**EXERCISE DETAILS:**
Leaving out the pictures, output each record exactly as it stands.

**Dataset records:**
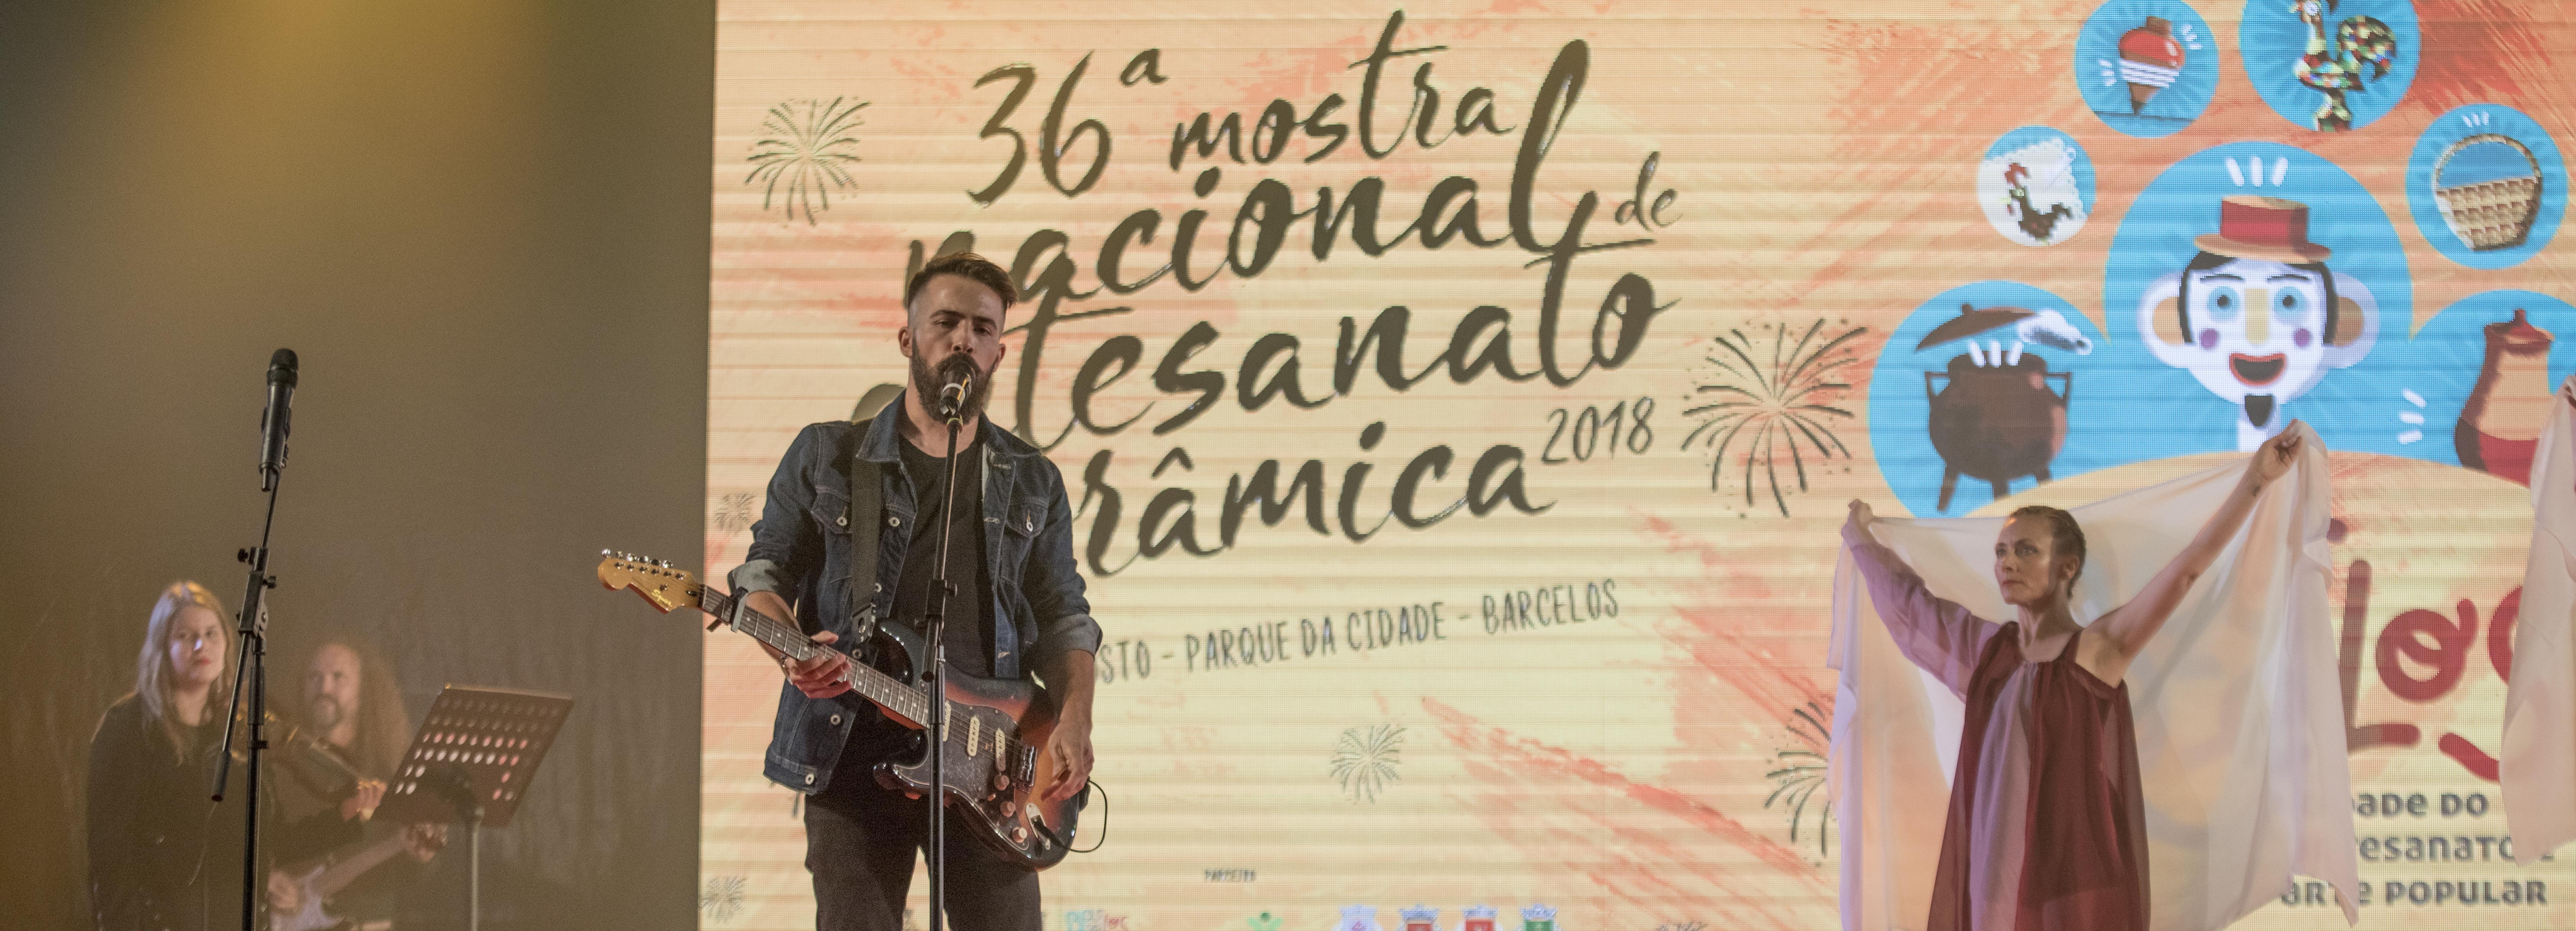 36ª edição da Mostra de Artesanato foi um sucesso e evidenciou Barcelos Cidade Criativa da UNESCO
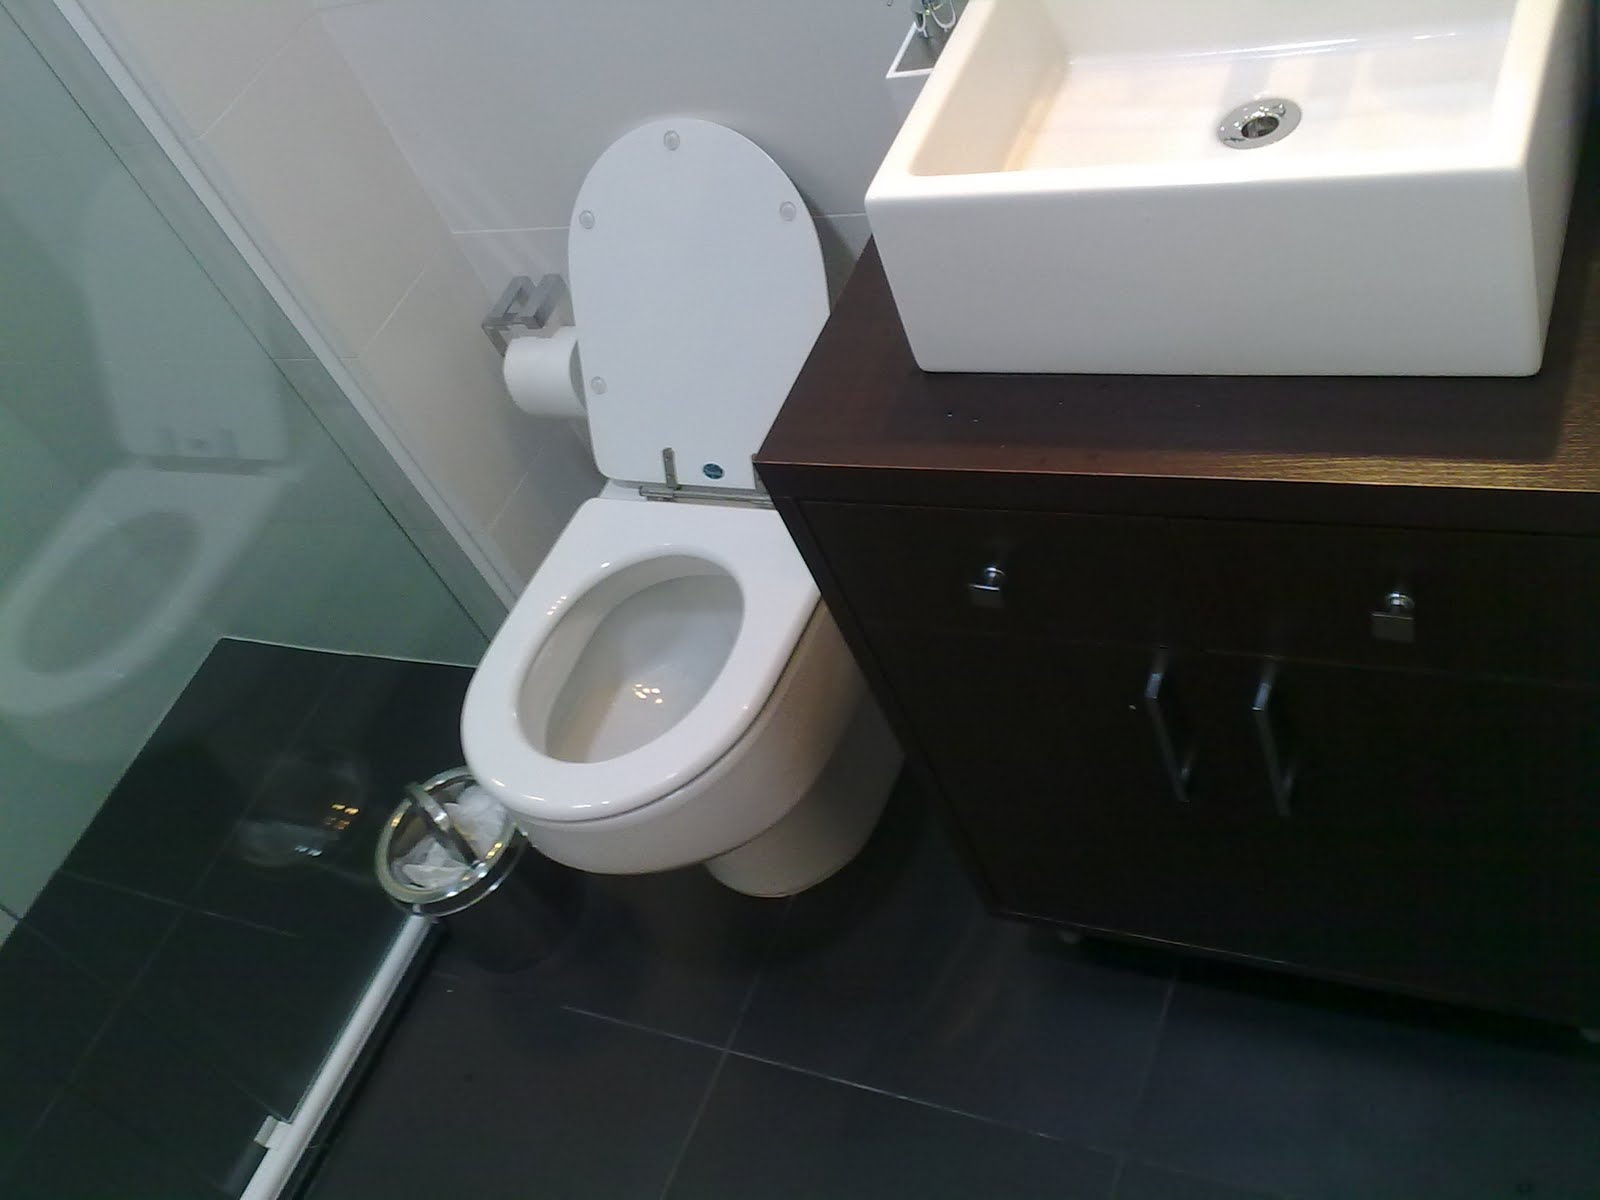 Pisos Para Banheiro Preto Pisos Bege Para Cozinha Pisos Para Cozinha  #705F45 1600 1200
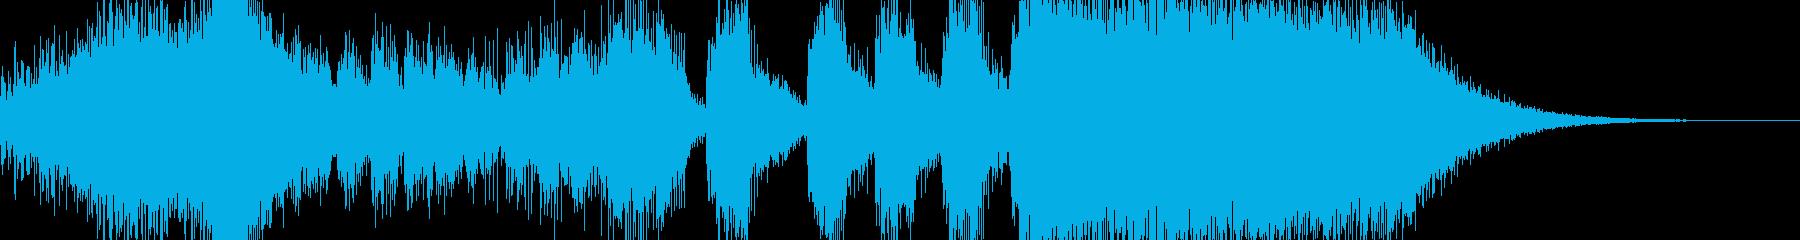 トランペットメインのジングルです。の再生済みの波形
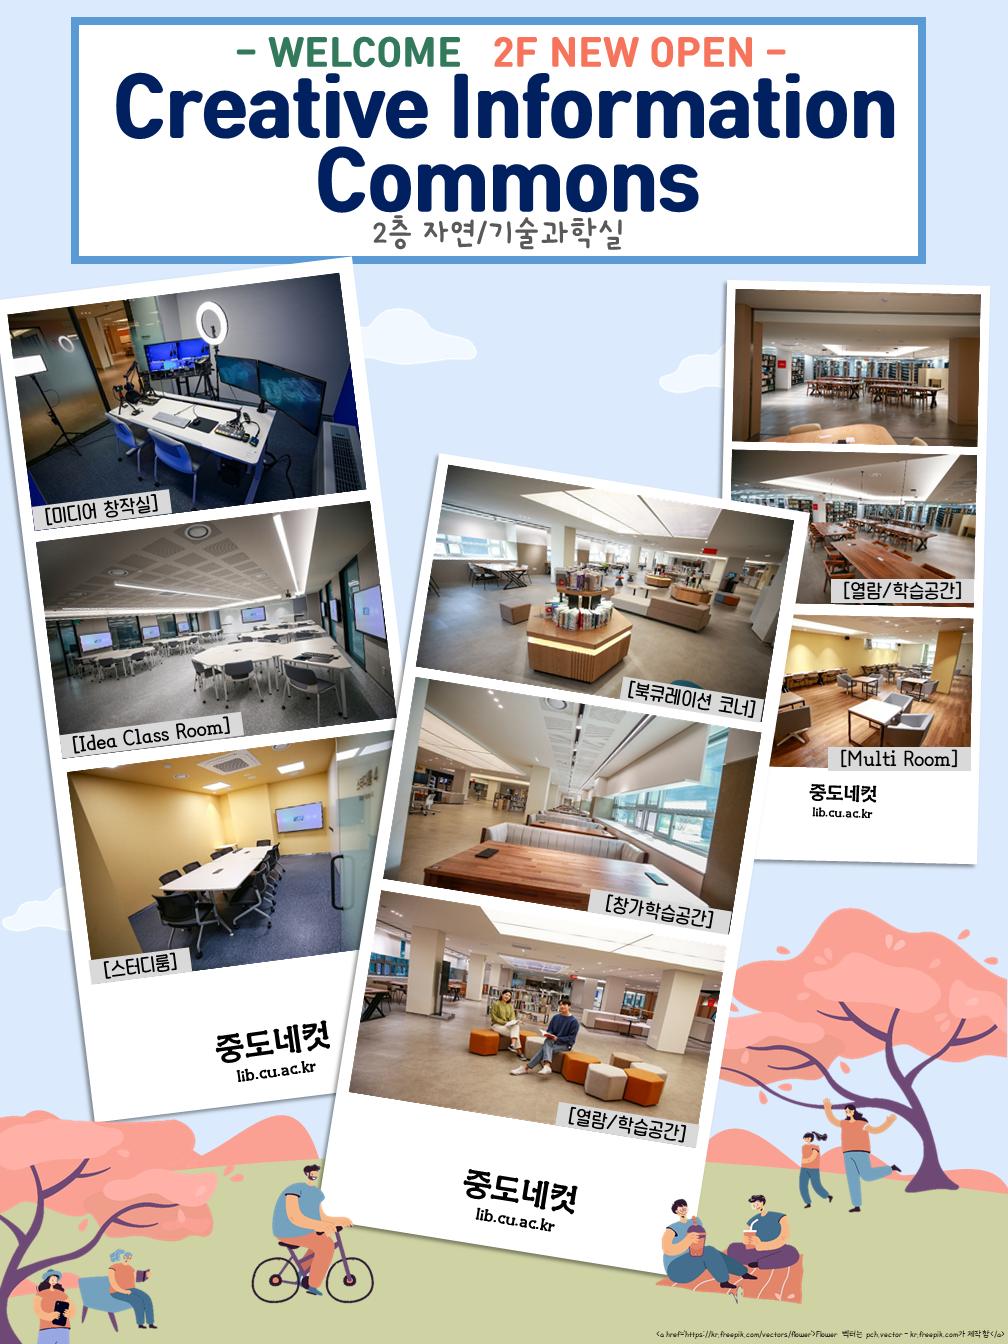 -welcome 2f new open- Creative Information Commons 2층 자연/기술과학실  미디어 창작실            북큐레이션코너 Idea Class Room         창가학습공간            열람학습공간 스터디룸                   열람/학습공간           Multi Room
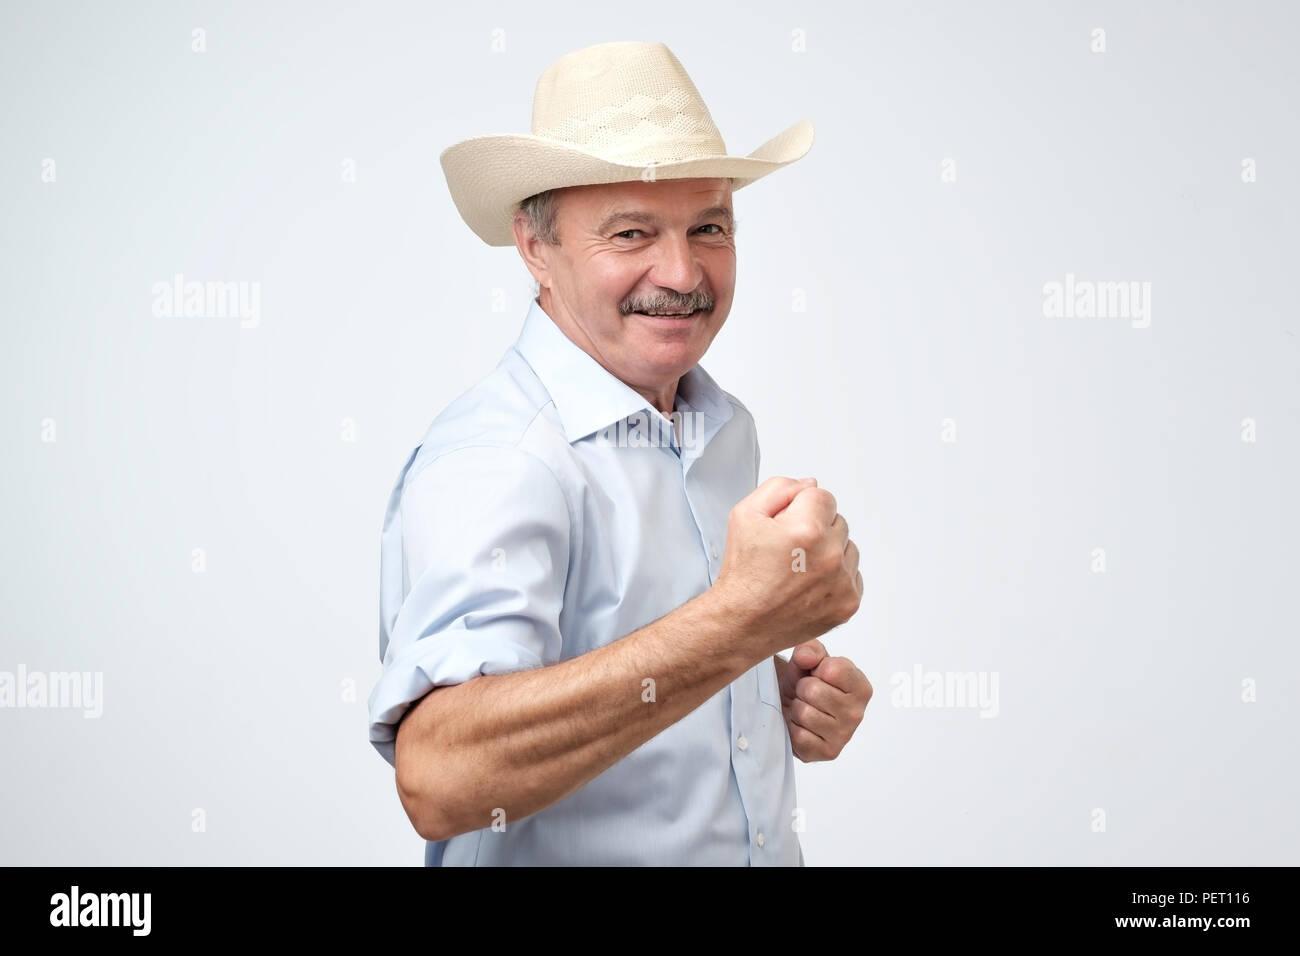 Retrato de apuesto hombre maduro exitoso llevar sombrero de cowboy celebra  su victoria sosteniendo un puño 5b2fa0bf7ce

**SOLUTION FOR THIS TASK:**
 36ª edição da Mostra de Artesanato foi um sucesso e evidenciou Barcelos Cidade Criativa da UNESCO
 Pisos Para Banheiro Preto Pisos Bege Para Cozinha Pisos Para Cozinha  #705F45 1600 1200
 トランペットメインのジングルです。の再生済みの波形
 -welcome 2f new open- Creative Information Commons 2층 자연/기술과학실  미디어 창작실            북큐레이션코너 Idea Class Room         창가학습공간            열람학습공간 스터디룸                   열람/학습공간           Multi Room
 Retrato de apuesto hombre maduro exitoso llevar sombrero de cowboy celebra  su victoria sosteniendo un puño 5b2fa0bf7ce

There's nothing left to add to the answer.